- [PROBLEM DESCRIPTION]: All the lines below need to be output exactly, apart from any images.

- [DATA]:

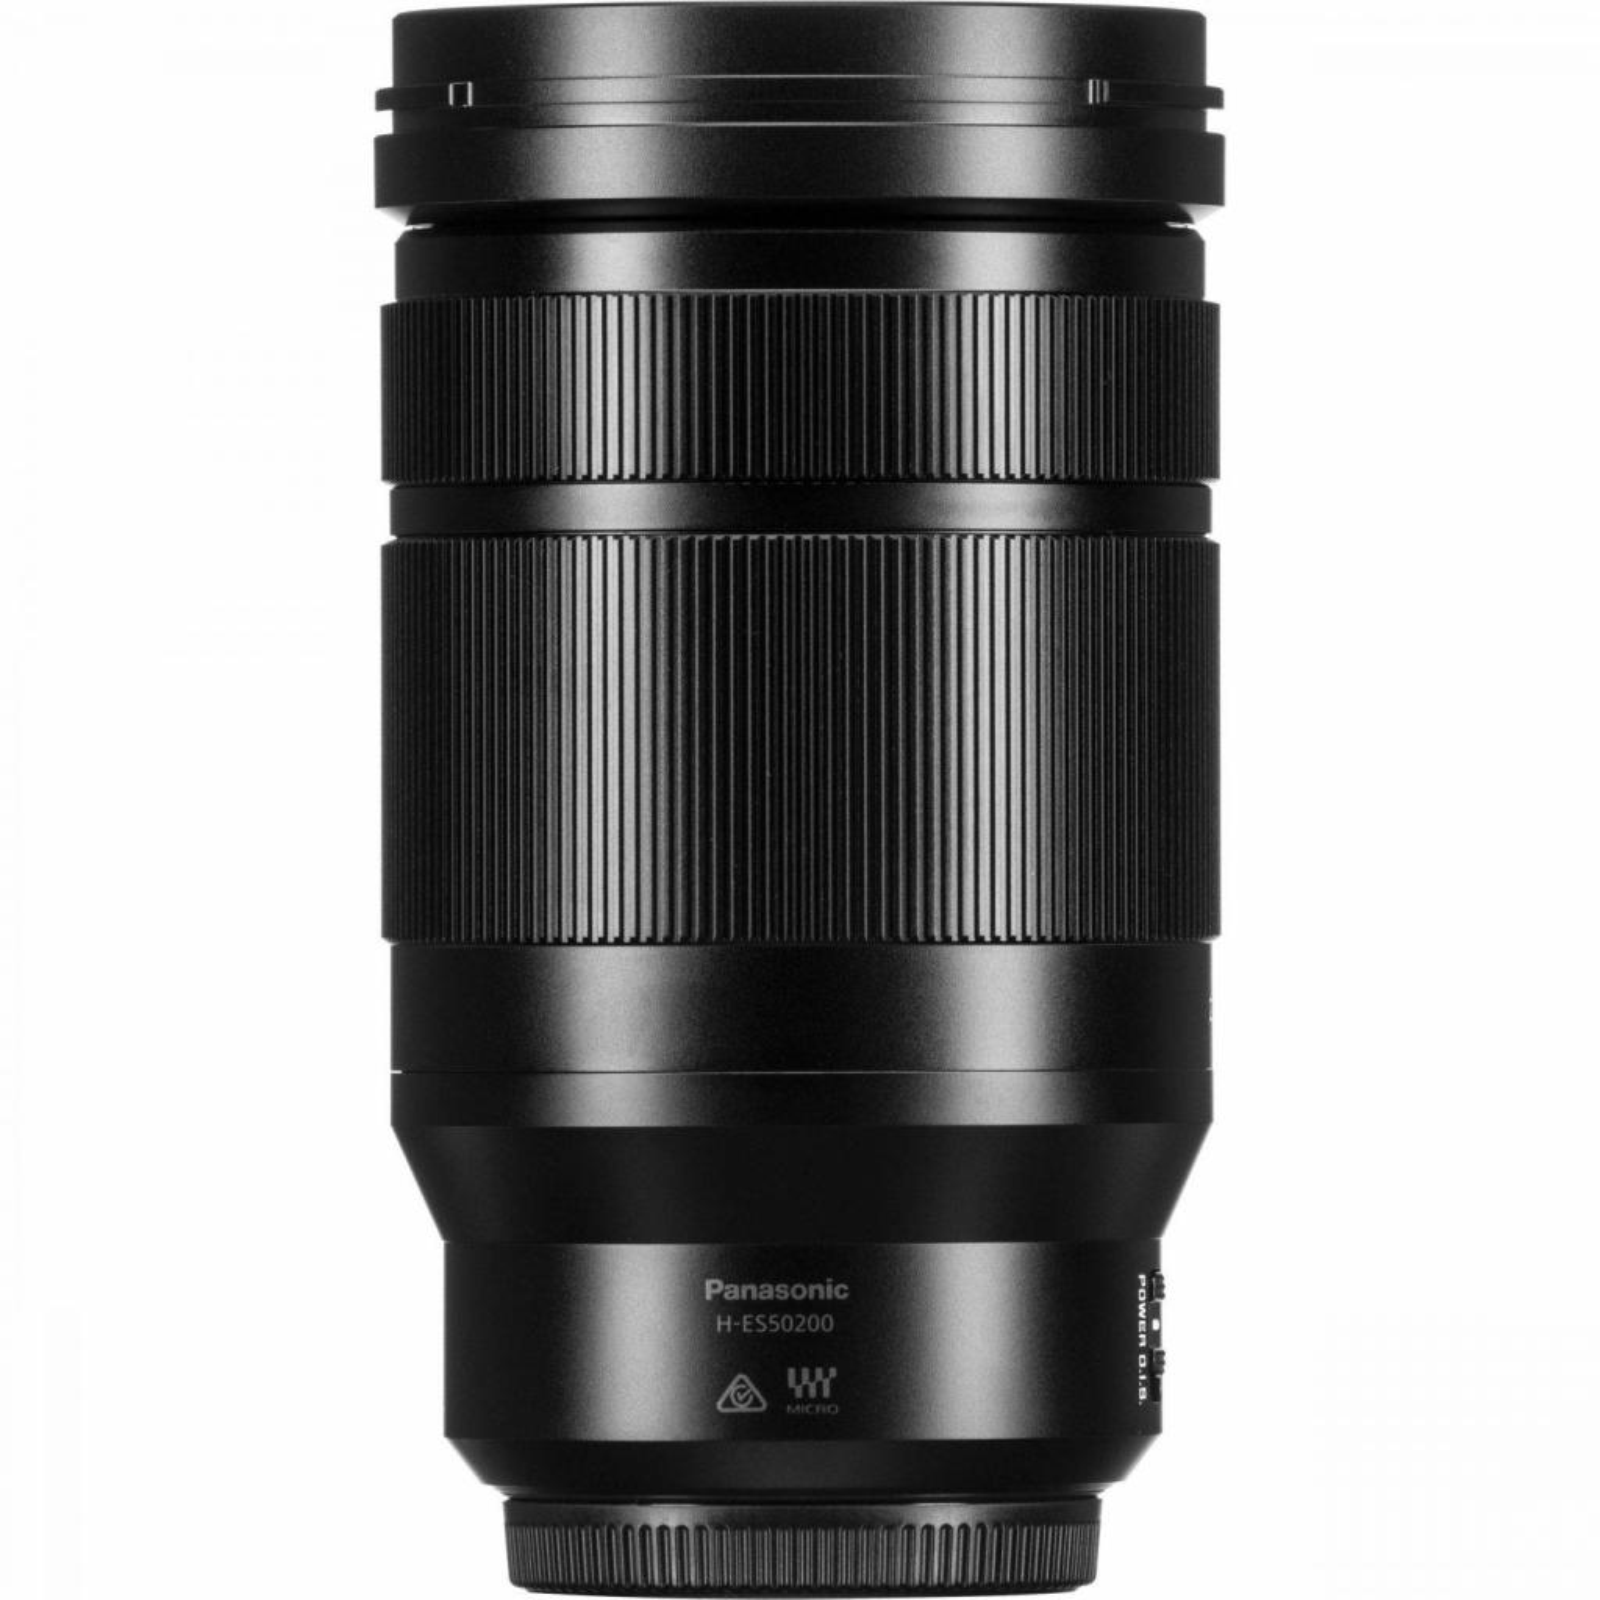 Объектив PANASONIC Micro 4/3 Lens 50-200 mm f/2.8-4 ASPH. POWER O.I.S. Leica DG (H-ES50200E) изображение 6
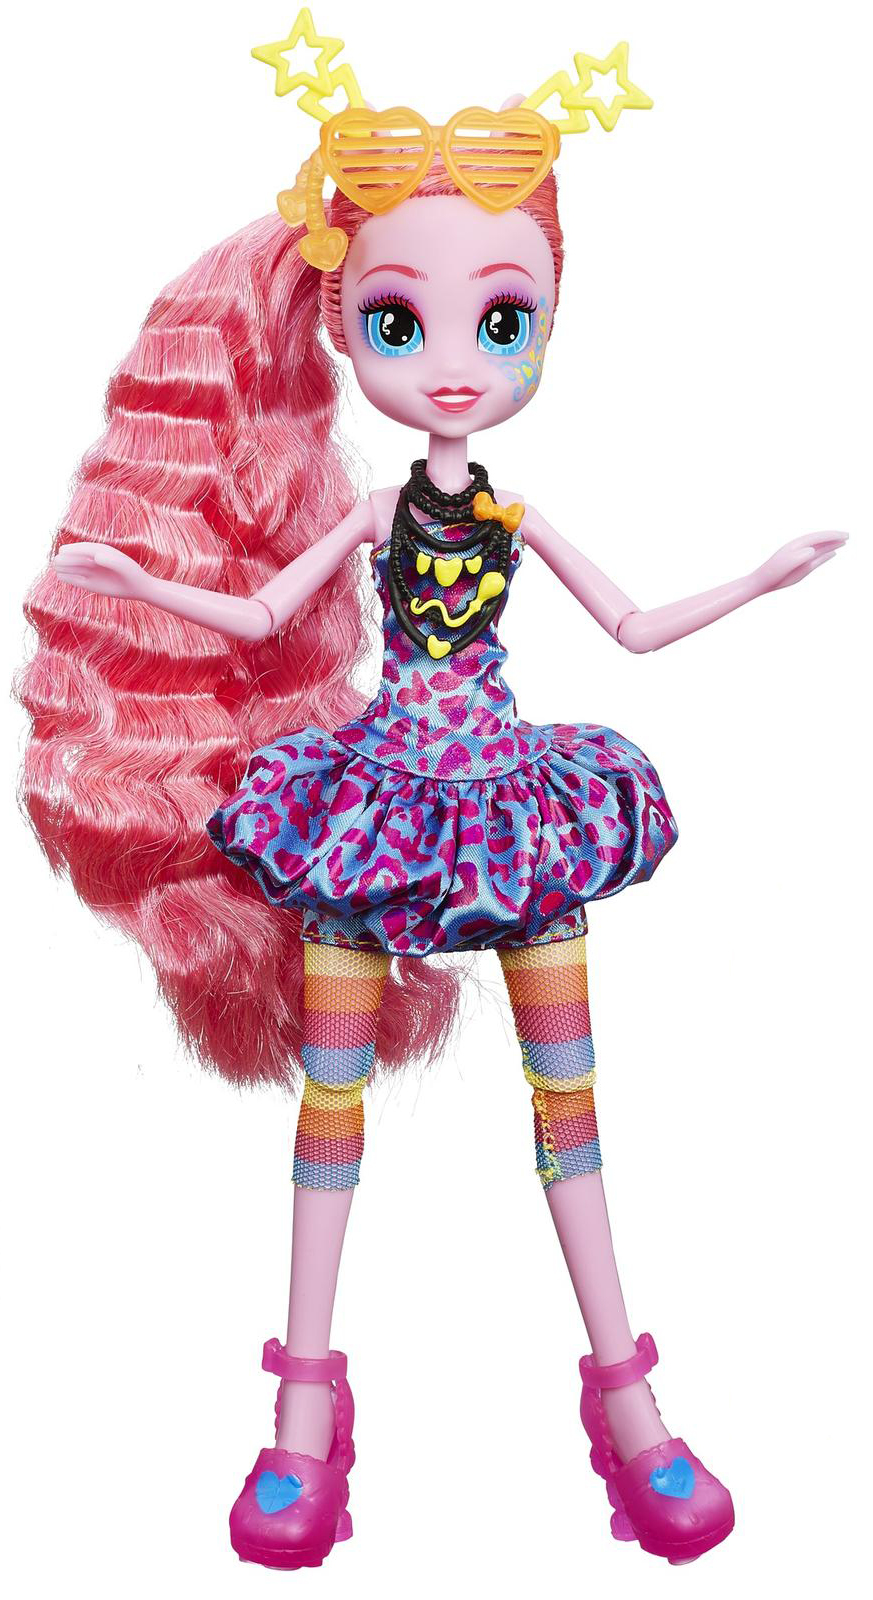 G4 My Little Pony Equestria Girls Dolls Friendship Is
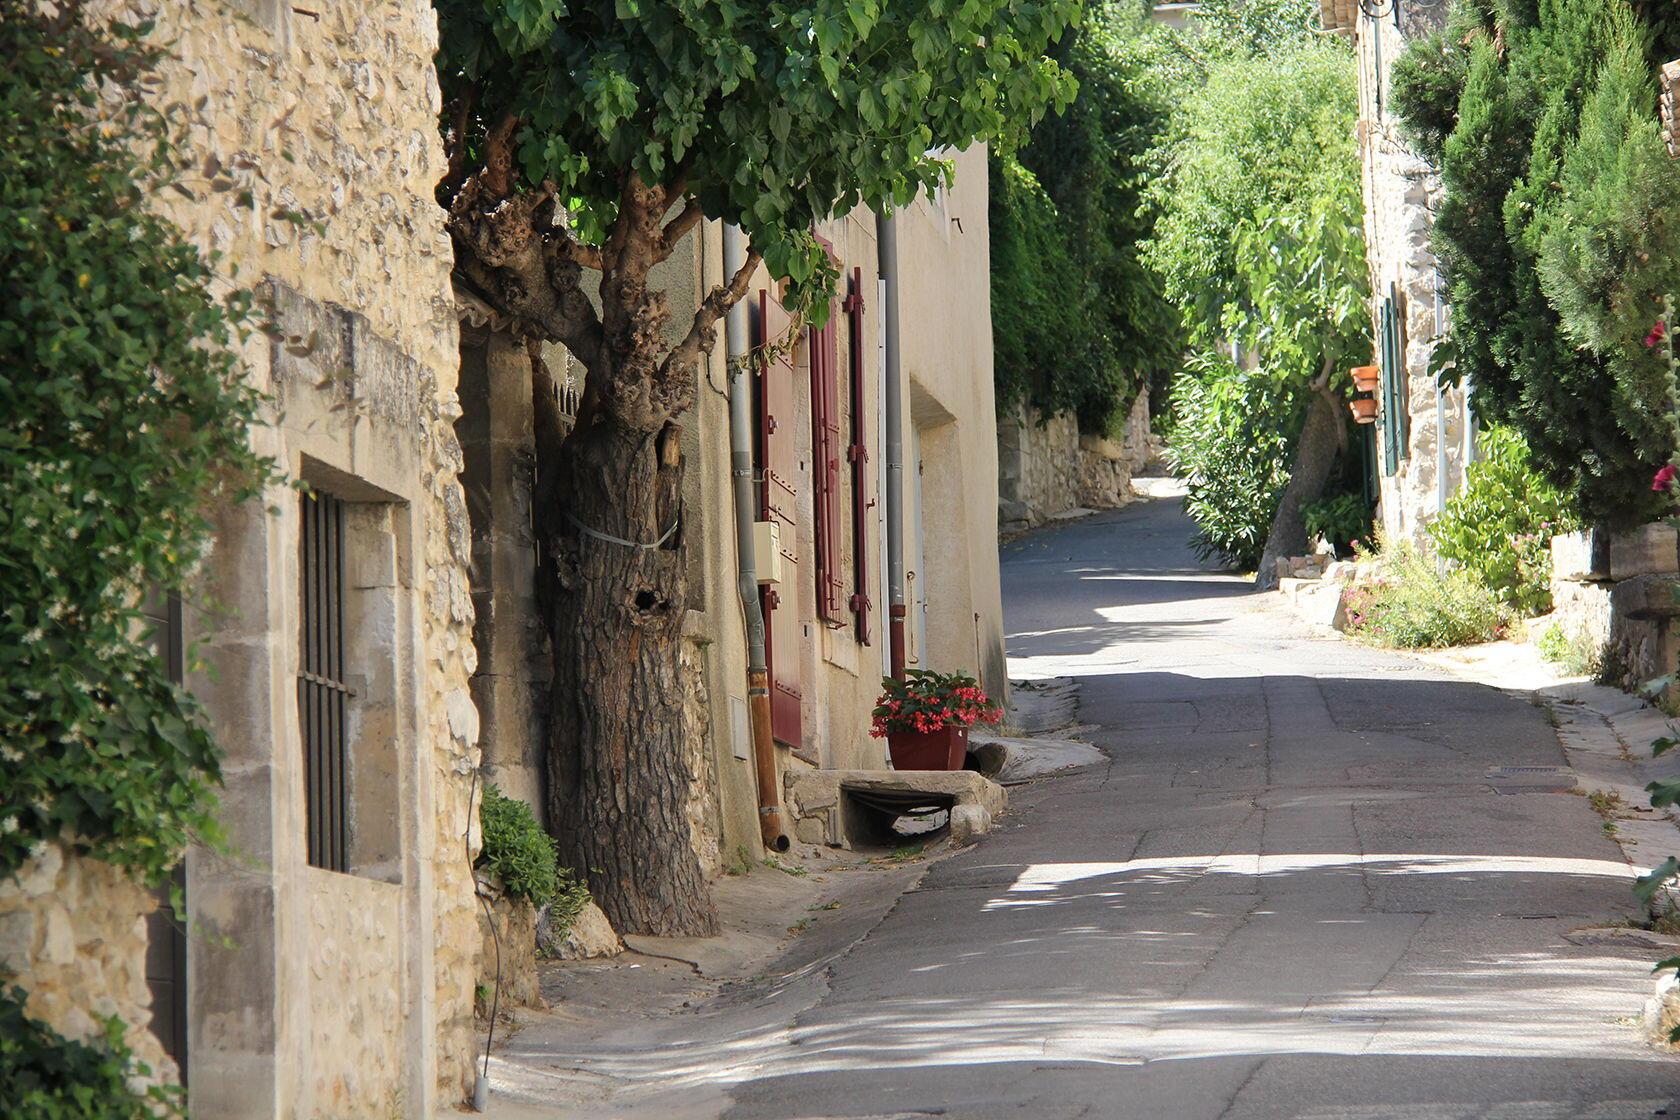 Eygalieres Rue Parneuve

- [EXERCISE SOLUTION]:
 Объектив PANASONIC Micro 4/3 Lens 50-200 mm f/2.8-4 ASPH. POWER O.I.S. Leica DG (H-ES50200E) изображение 6
 G4 My Little Pony Equestria Girls Dolls Friendship Is
 Eygalieres Rue Parneuve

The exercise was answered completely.